Der Dritte im Bunde, der 76jährige Medienzar und mehrfache Ministerpräsident Silvio Berlusconi, ist trotz der Serie von Skandalen stetig auf der Überholspur. Er, dessen Ende immer wieder prophezeit wurde, entpuppt sich wieder als wahres Werbegenie und mischt mit seinen Ideen die Parteienlandschaft energisch auf. Sein jüngster Coup, die Immobiliensteuer auf Eigenheime nicht nur abzuschaffen, sondern sogar zurückzuerstatten, und zwar in bar auf die Konten der Steuerzahler, hat die Werte des rechten Lagers, dem sich auch die Lega Nord angeschlossen hat, schlagartig in die Höhe getrieben. Umfragen zufolge trennen Berlusconi nur noch vier bis fünf Prozentpunkte von seinem alten Rivalen Bersani.

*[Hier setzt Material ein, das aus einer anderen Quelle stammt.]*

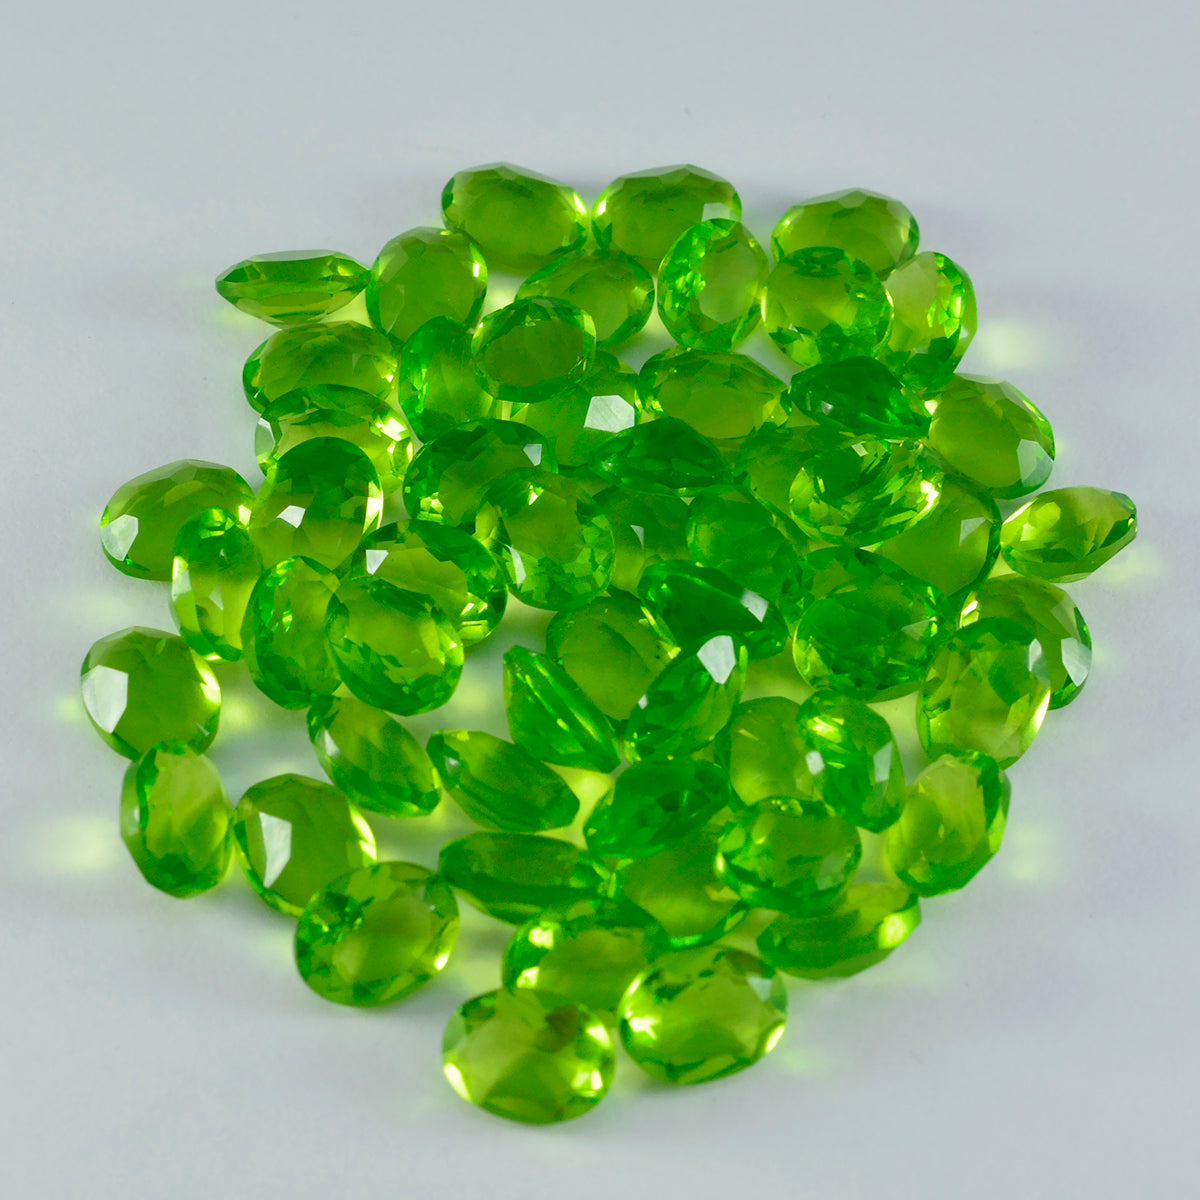 Riyogems 1 Stück grüner Peridot, CZ, facettiert, 5 x 7 mm, ovale Form, hübsche, hochwertige lose Edelsteine

Alle Spekulationen könnten jedoch von der Fünf-Sterne-Bewegung (Cinque Stelle) des Komikers Beppe Grillo (JF 21/12) durchkreuzt werden. Geradezu magisch zieht er vor allem die Jungen an. Mit Slogans wie „Jagt die Politiker nach Hause“ schürt er den Unmut über die Polit-Klasse. Er tourt unermüdlich durch Italien. Wo immer er auftaucht, sind die Plätze überfüllt. Doch seine größte Fan-Gemeinde hat der 63jährige im Internet: Sein Blog ist der meistgelesene Italiens. „Wir wollen eine Mutter mit drei Kindern als Finanzministerin, denn die weiß, wie man spart“, mit solchen Sätzen begeistert er sein Publikum. Seine Bewegung soll sich bereits der 20-Prozent-Marke nähern.